Awarta made international headlines after the Itamar attack of 11 March 2011, when five members of the same family were killed in the nearby Israeli settlement of Itamar. Awarta was subsequently declared a closed military zone, due to suspicions that the perpetrators were residents of the village. According to the Israeli newspaper Haaretz, Palestinian sources reported that Israeli military forces took all of Awarta's men in for questioning, including two officers of the Palestinian security forces, making "wholesale arrests". As a reaction to the attack, masked Israeli settlers infiltrated the village and threw stones at homes, before being dispersed by the Israel Defense Forces.
Two young Awarta residents, Hakim Maazan Niad Awad and Amjad Mahmud Fauzi Awad were arrested on 5 and 10 April 2011 and confessed to the killings.
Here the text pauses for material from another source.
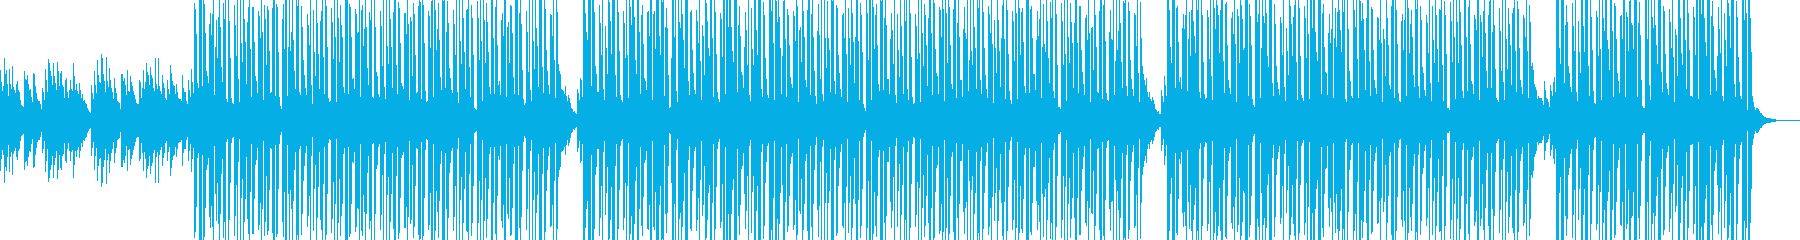 感動的/冬の映像に合う切ないR&B曲の再生済みの波形
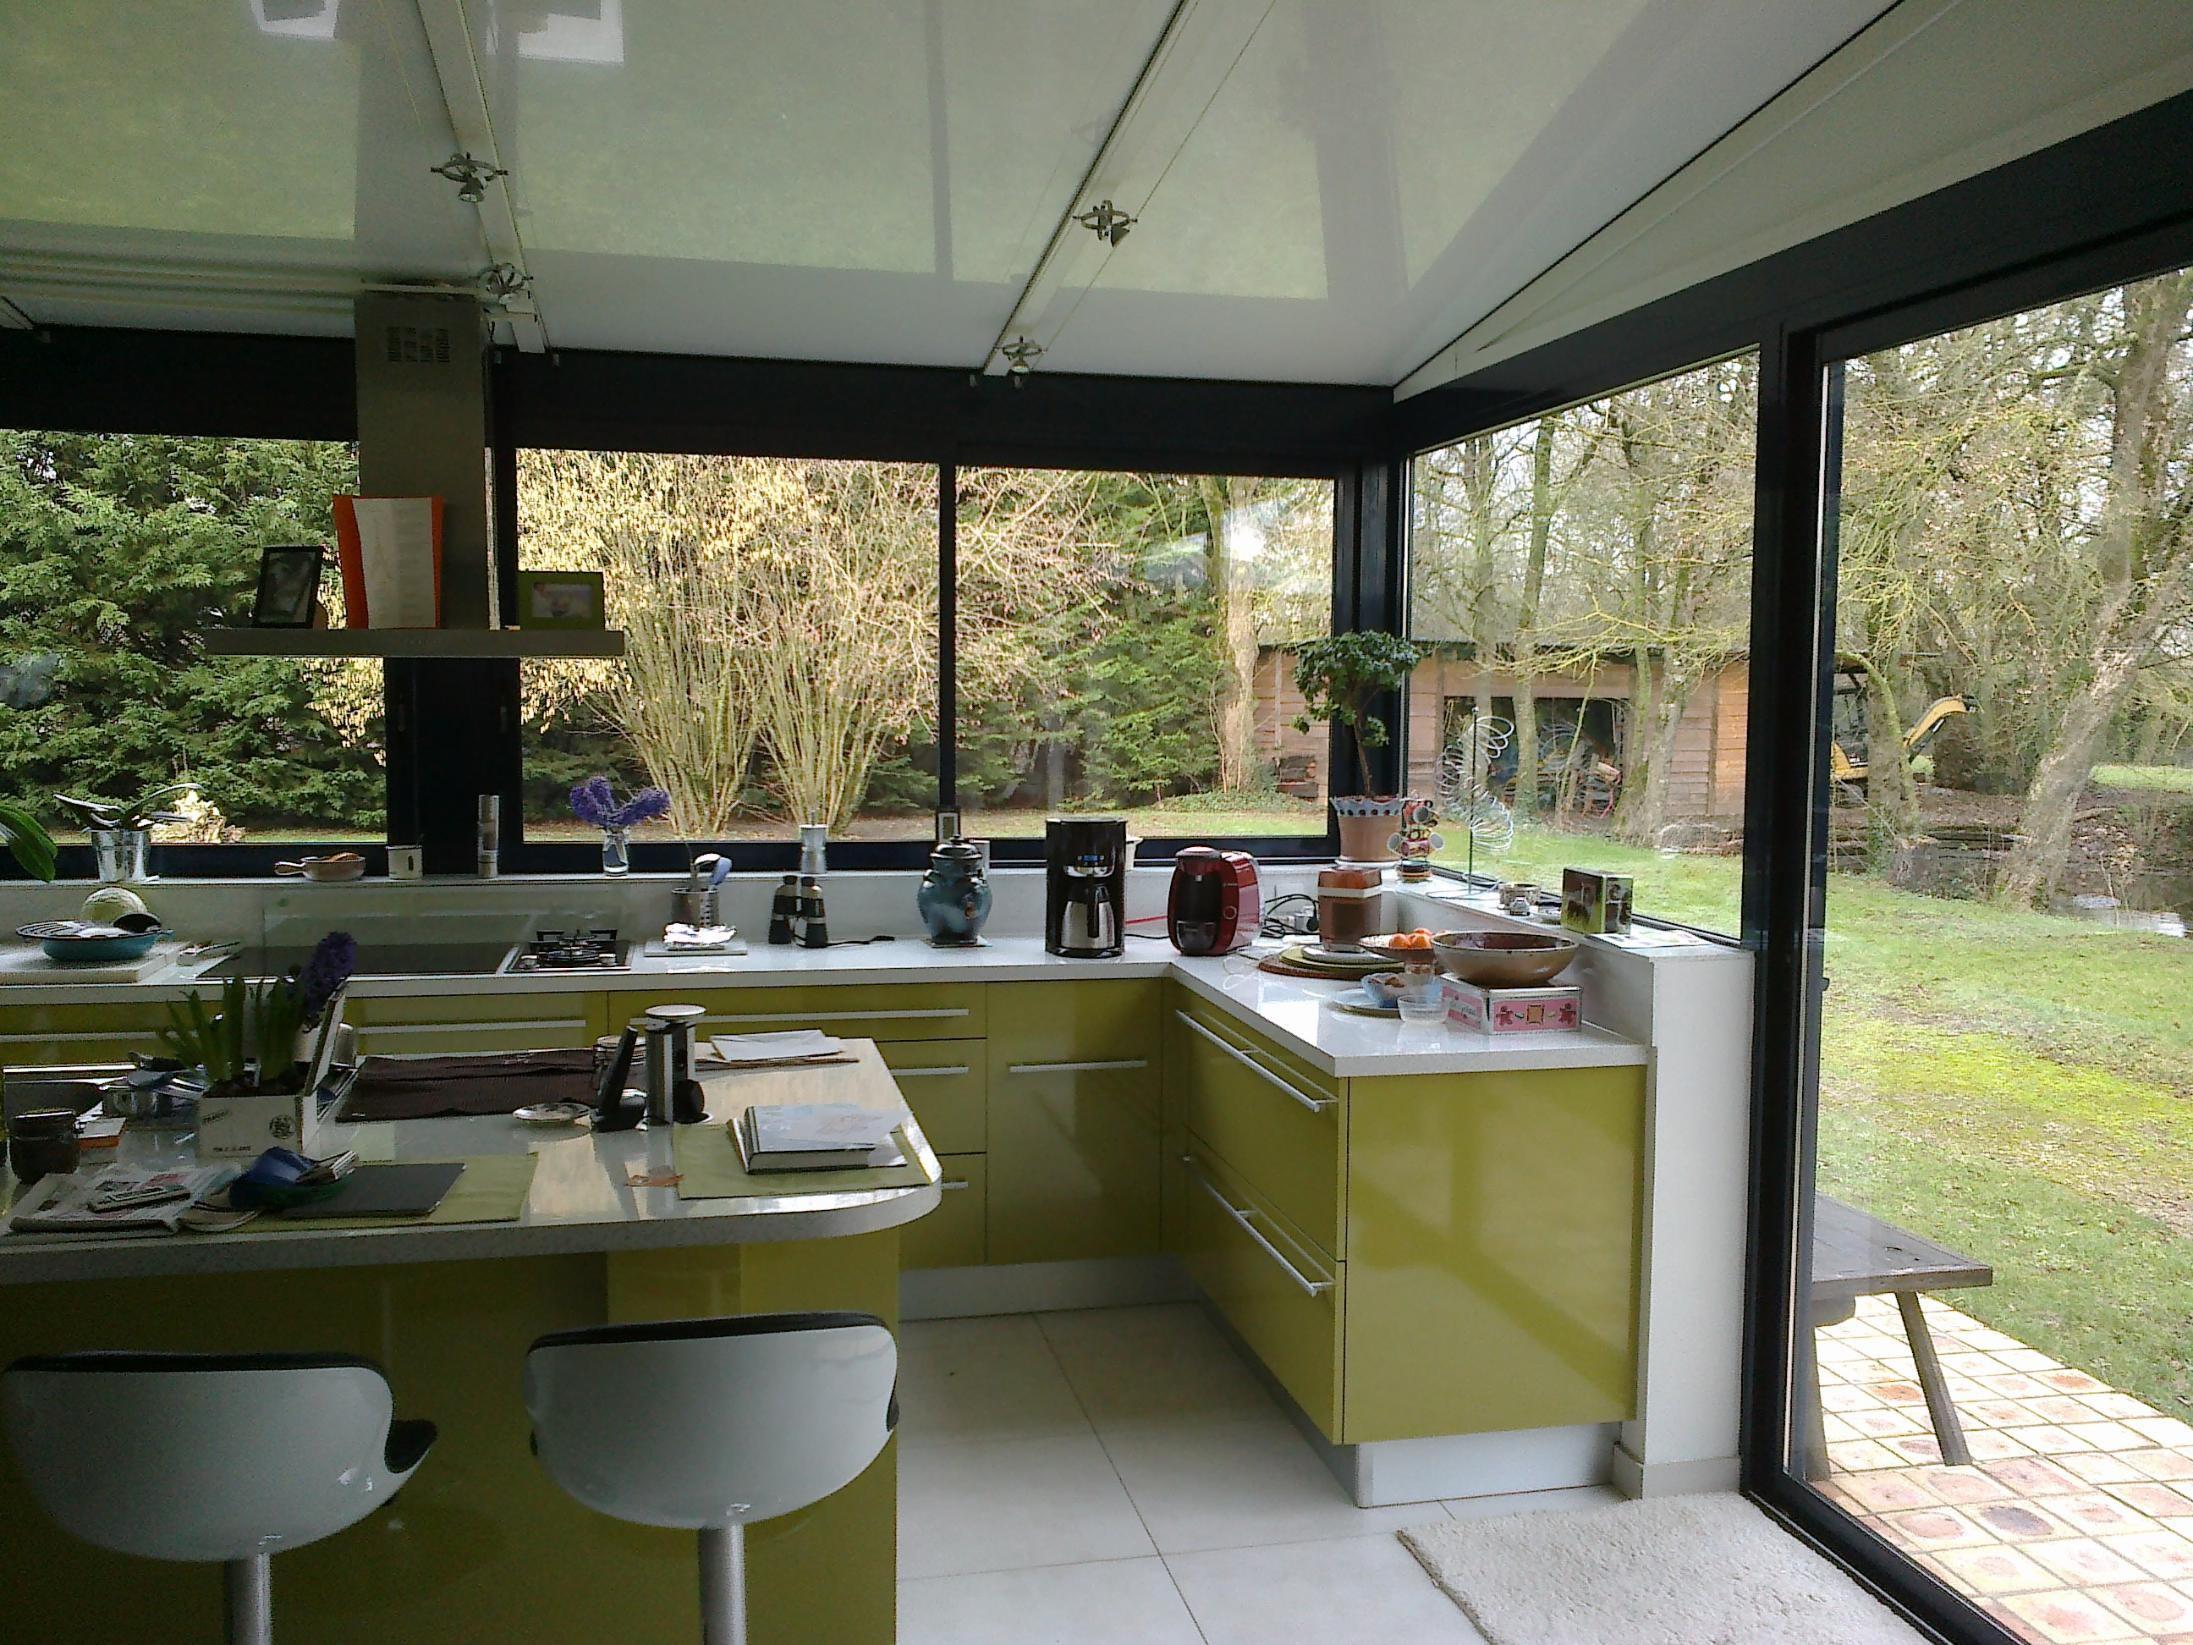 Cuisine Avec Baie Vitrée Meilleur De Photos Fabuleux Veranda En Bois Ouverte Décor  La Maison Et Intérieur

The village council chief condemned the murder, however he voiced doubts over the Israeli findings and claimed that the two suspects confessed under duress.
The two were sentenced to five consecutive life sentences and another five and seven years respectively in prison.

==Economy==
Awarta has about sixty businesses, most of them active in the fields of trade and small recycling industries. Approximately 40% of the labor force used to work in Israel before the Second Intifada, while 15% worked in the agriculture and animal husbandry sectors. The rate of unemployment is almost 35%. The town does not have a water or sewage utility system. There is a public well that is under the control of the Nablus Municipality. Road networks have been hampered by the IDF due to the area being a militant stronghold. Awarta has three schools - a secondary school for boys, a secondary school for girls and a coeducational primary school.